I recently heard Sal say in a video that he likes to rewrite these, I think he distributed out the negative sign somehow and he had two numbers in the parentheses. But I got wrong answer because of this.
-8+30 is not - (30-8) I know that now. The only way I can think of is -(-30+8).(1 vote)
- I see... so do you do this in your head or do you write it down somehow? It would seem easier maybe to do it in your head, but writing it down might help the thinking process and avoid mistakes. And 30 - 8 is not 24 by the way, that's 22.(2 votes)

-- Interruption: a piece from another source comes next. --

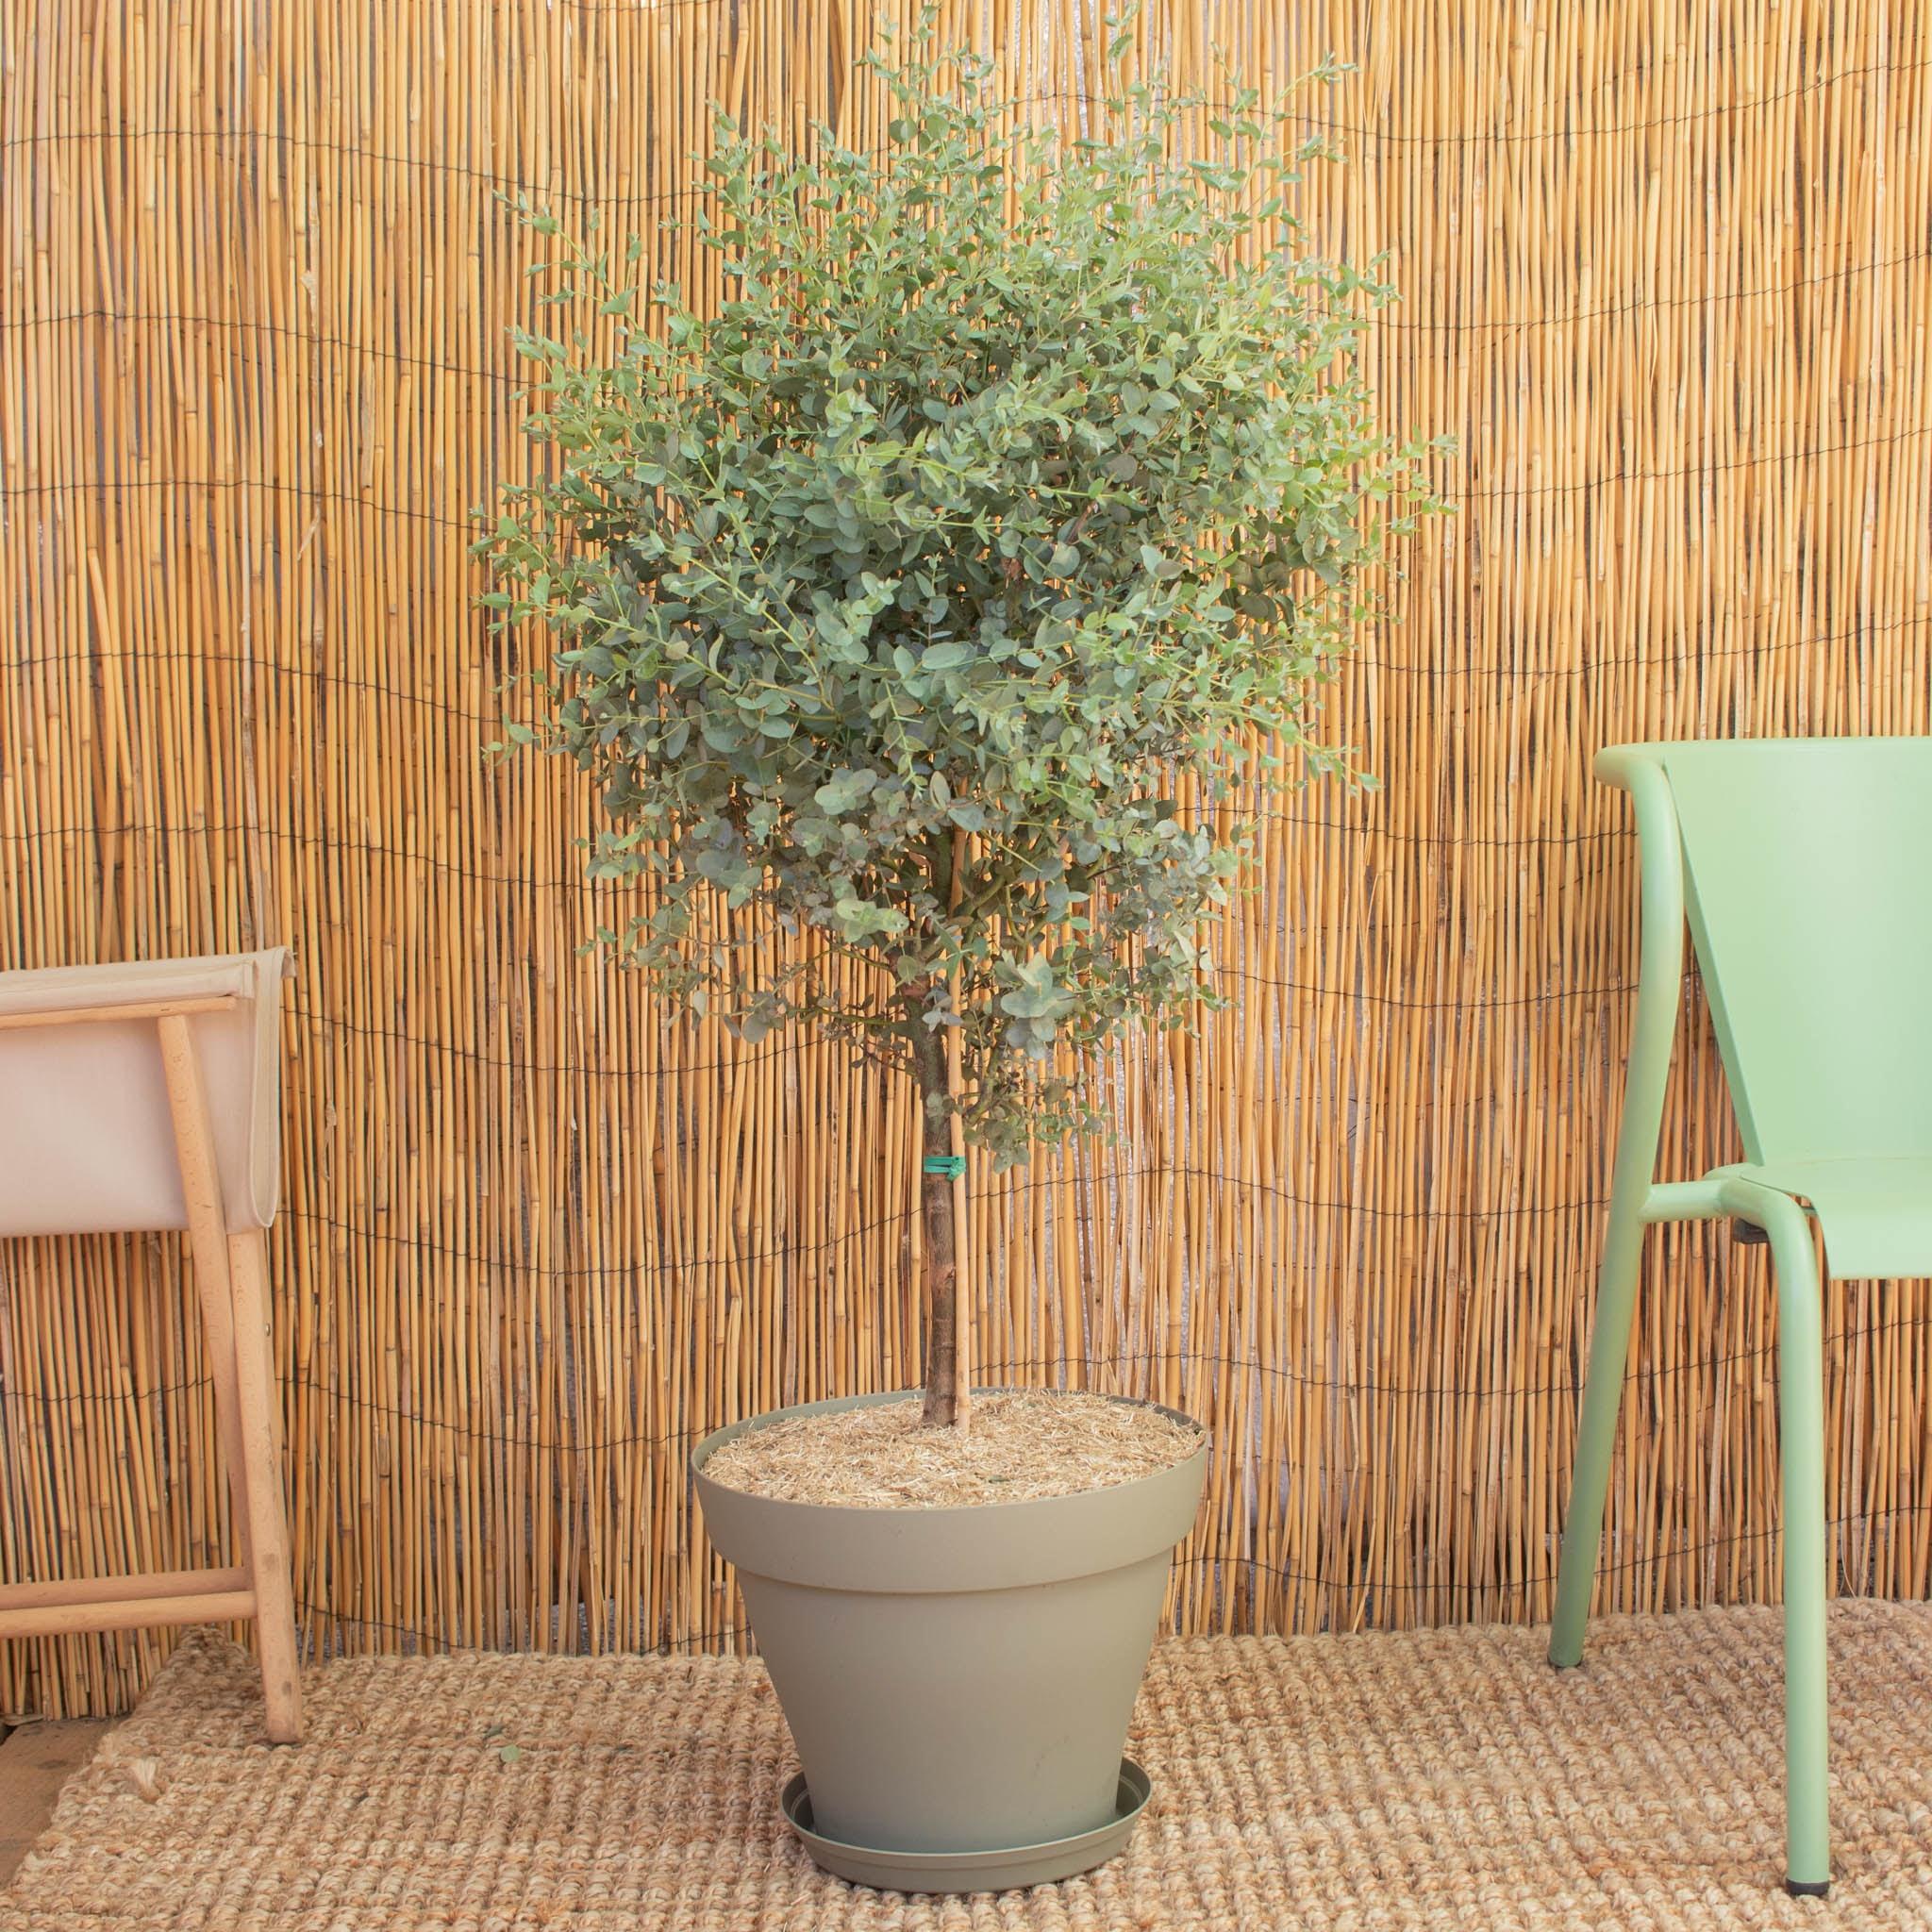 Alessandro & Topf (grün) - Eucalyptus

Let's do a few more examples where we're evaluating expressions with unknown variables. So this first one we're told 3x plus 3y plus 3z is equal to 1, and then we're asked what's 12x plus 12y plus 12z equal to? And I'll give you a few moments to think about that. Well let's rewrite this second expression by factoring out the 12, so we get 12 times x plus y plus z. That's this second expression here, and you can verify that by distributing the 12. You'll get exactly this right up here. Now, what is 12 times x plus y plus z? Well, we don't know yet exactly what x plus y plus z is equal to, but this first equation might help us. This first equation, we can rewrite this left-hand side by factoring out the 3, so we could rewrite this as 3 times x plus y plus z is equal to 1. All I did is I factored the 3 out on the left-hand side. And then if I want to solve for x plus y plus z, I just divide both sides of this equation by 3, and I'm left with x plus y plus z is equal to 1/3, and so here, instead of x plus y plus z, I can write 1/3. So this whole thing simplified to 12 times 1/3. 12 times 1/3 is the same thing as 12 divided by 3, which is equal to 4. Let's try one more. So here we are told that 3a plus 5b is equal to 2, and then we're asked what's 15a plus 15b going to be equal to? So we might-- let's see. I'll give you a few moments to try to tackle this on your own. Let's see how we might do it. We could approach it the way we've approached the last few problems, trying to rewrite the second expression. We could rewrite it as 15 times a plus b, and so we just have to figure out what a plus b is, and we'll be able to evaluate this expression. And so, it's tempting to look up here, and say maybe we can solve for a plus b somehow, but we really can't. If we divide-- if we try to factor out a 3, we'll get 3 times a plus 5/3b, so this doesn't really simplify things in terms of a plus b. If we try to factor out a 5, we'd get 5 times 3/5a plus b is equal to 2, but neither of these gets us in a form where we can then solve for a plus b. So in this situation, we actually do not have enough information to solve this problem. So it's a little bit of a trick. Not enough info to solve. Anyway, hopefully you enjoyed that.